The redesign journey began with deep discovery.
I partnered closely with product leadership to set a development timeline, understand business goals, and map a feasible multi-quarter plan. With that foundation in place, I conducted a full UX audit—evaluating every screen, input, and interaction against the pilot user feedback.
The goal? Identify high-impact opportunities that could realistically be delivered by our tech team.
To prioritize solutions, I built an impact vs. effort matrix—then co-facilitated alignment sessions with engineering to refine feasibility. That matrix became our strategic north star, guiding design decisions and development tradeoffs over an 8–10 month pre-development window.
Workflow Map
Prioritizing what matters most
Our UX audit revealed the core issues: too many redundant inputs, unclear question logic, and too much reliance on free text. I synthesized feedback from RNs, product teams, and tech partners to identify the highest-impact changes.
To make this actionable:
I plotted each pain point in an impact/effort matrix
Co-facilitated weekly working sessions to validate design feasibility with engineering
Prioritized solutions that improved efficiency, reduced documentation time, and clarified next steps for users
Creating Priorities
To ensure design efforts were focused, I created a prioritization matrix to align the team on what mattered most based on findings from the Audit.
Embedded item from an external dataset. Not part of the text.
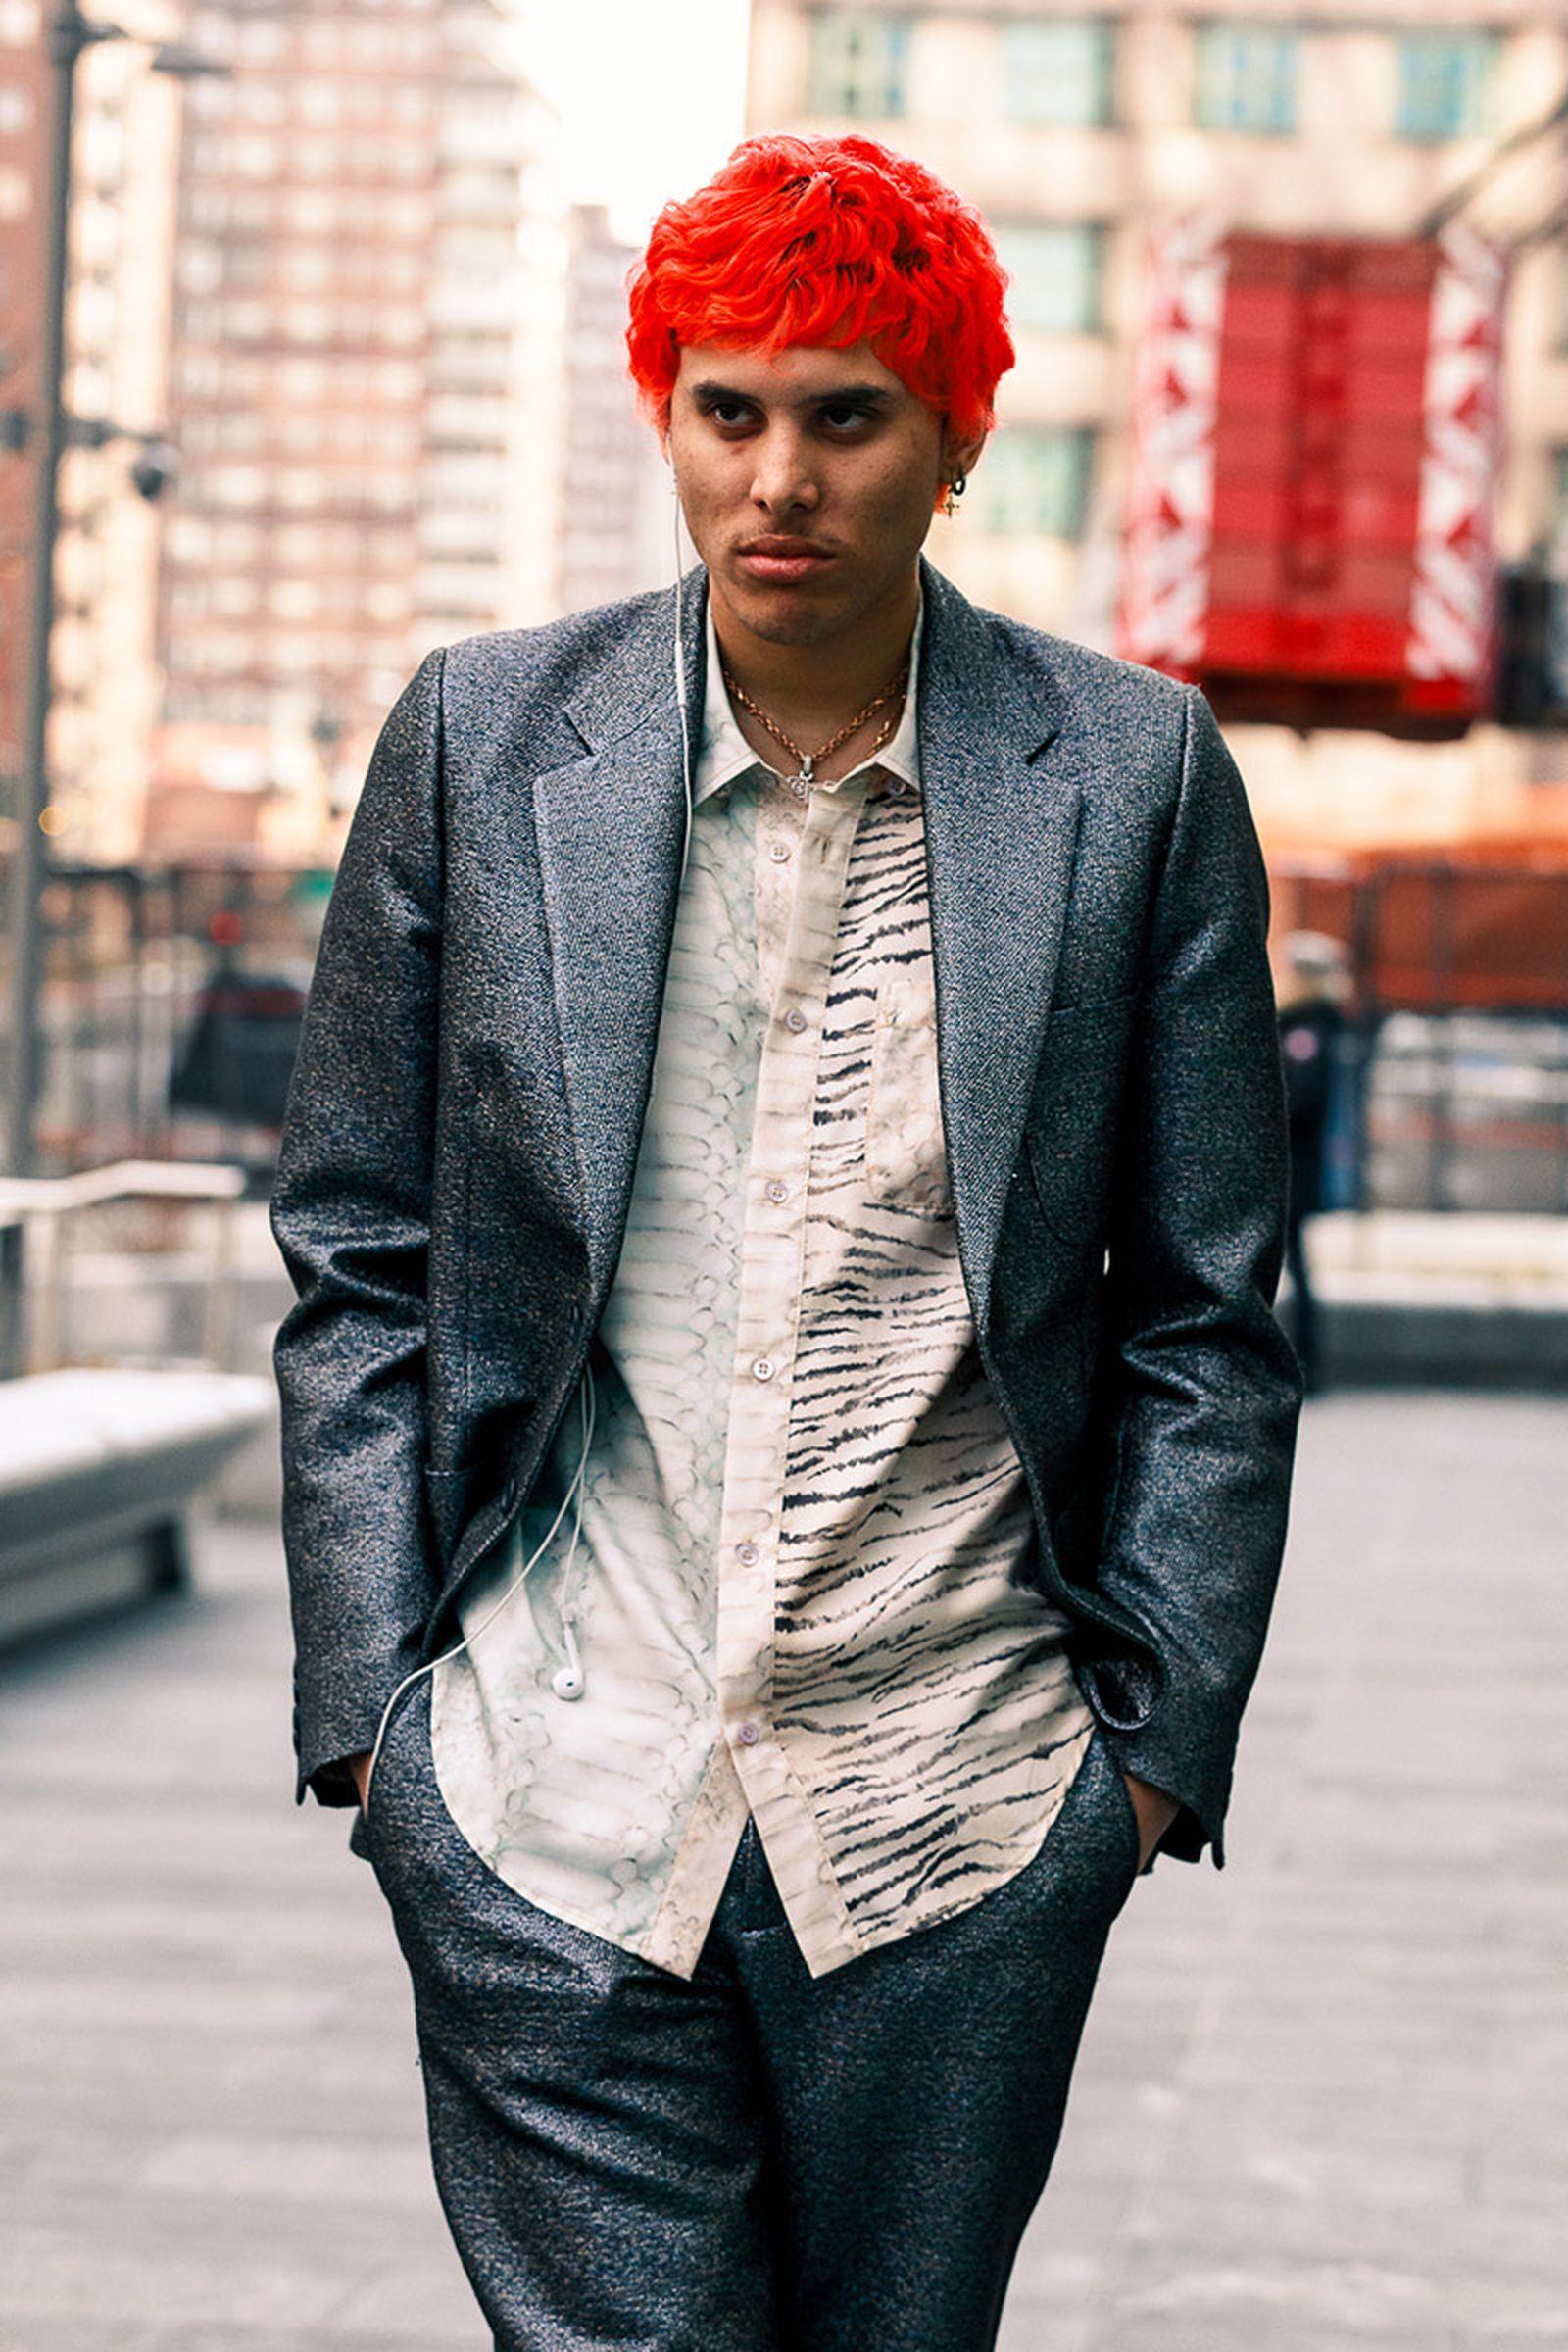 23new-york-fashion-week-mens-street-style-

This allowed us to map out our work based on urgency and strategic value, ensuring early wins while paving the way for longer-term improvements.
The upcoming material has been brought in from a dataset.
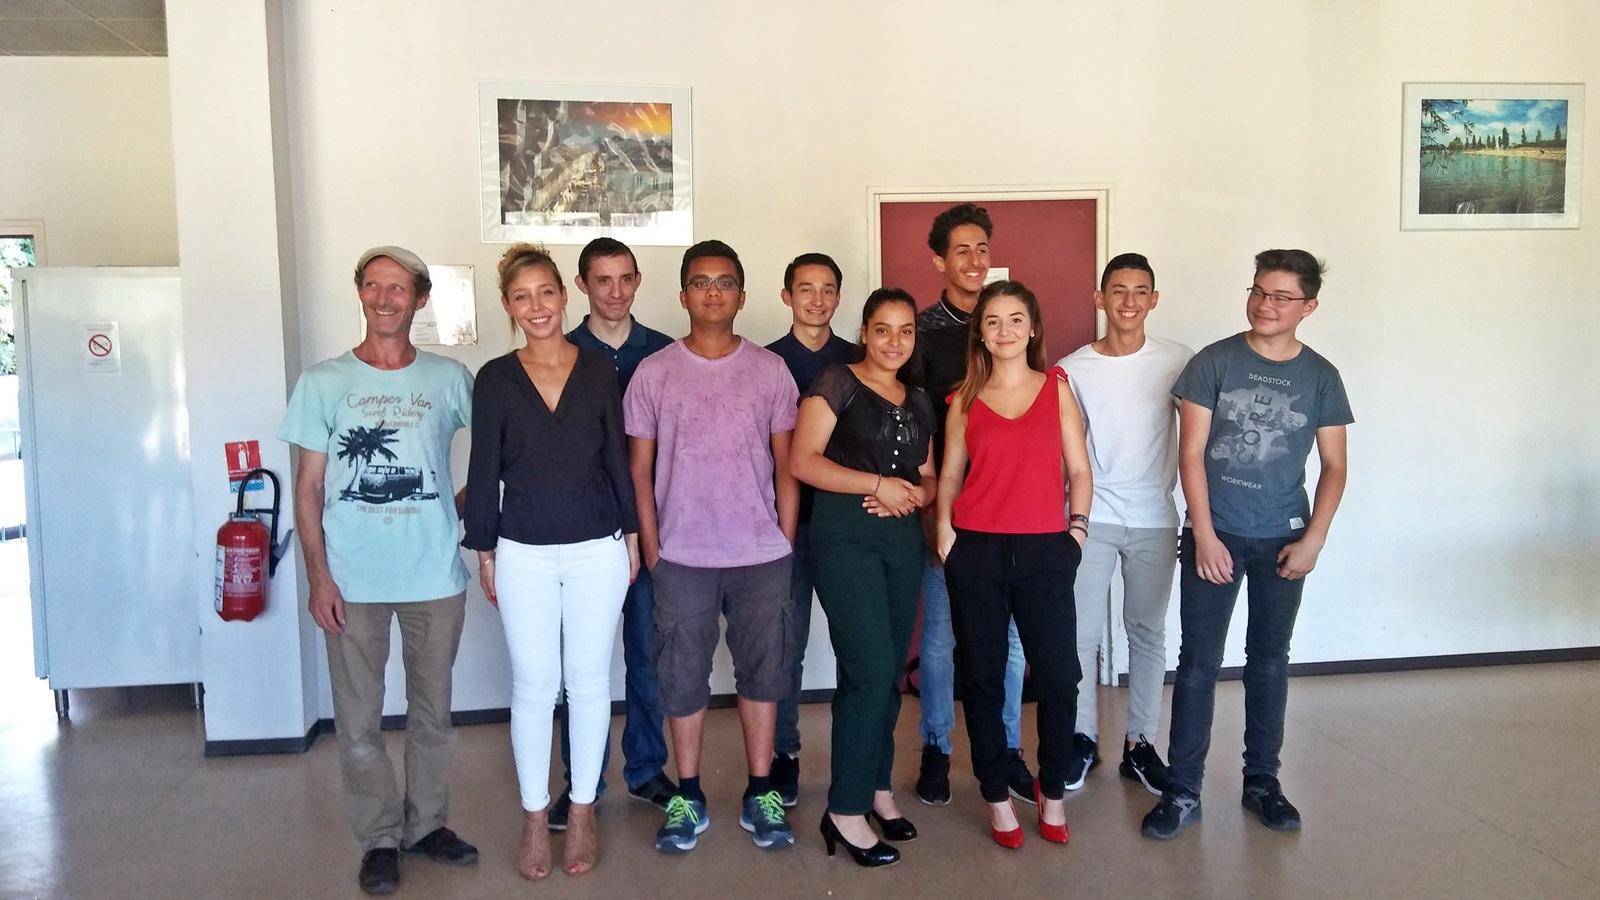 Boss'N Coop: expérience positive à Manosque

-High impact, low effort: establishing a clear workflow pattern, unified accessibility improvements
-High impact, high effort: reorganize patient population view, one click action to essential workflows
Designing the Solution
A smarter, faster, more focused Care Pathways experience
Built from the ground up for real-world care
From sketches to high-fidelity UI, I led the full design effort—balancing clinical nuance with usability. Key improvements included:
Modular workflows that reduce noise and surface only what’s relevant to each scenario
Smart inputs that replaced long narrative text with guided select and multi-select fields
Custom components purpose-built for the app’s unique needs, expanding beyond our standard design system
Prototype flows that told a clear, end-to-end story and enabled confident stakeholder buy-in
Every element was designed with clarity and clinical context in mind. We also built with the future in mind—connecting Care Pathways to existing smartapps like the Patient Care Summary, and ensuring flexibility to integrate with upcoming modules like Care Plans.
Modular Workflows
To create a more customized experience, I designed dynamic sections that fit into the RNs conversation, enabling seamless intake.
Intentional Inputs
I partnered closely with UX research to drill down on the exact information and inputs we should present to clinicians as they spoke with patients.
Custom Components
While using components from the existing design system, most of the application's components were custom-built specifically for the app.
Solution Quickview
Results
The smartapp is now fully spec’d and scheduled for development in summer 2025. The total investment across UX, product, and tech is projected at nearly $1 million—a direct reflection of the strategic value this tool now holds for the business.
What began as a frustrating tool for overworked RNs is being transformed into a seamless, clinician-centered experience. Our redesign gives time back to care teams, makes documentation faster and clearer, and aligns DaVita’s platform around smarter, more connected digital care.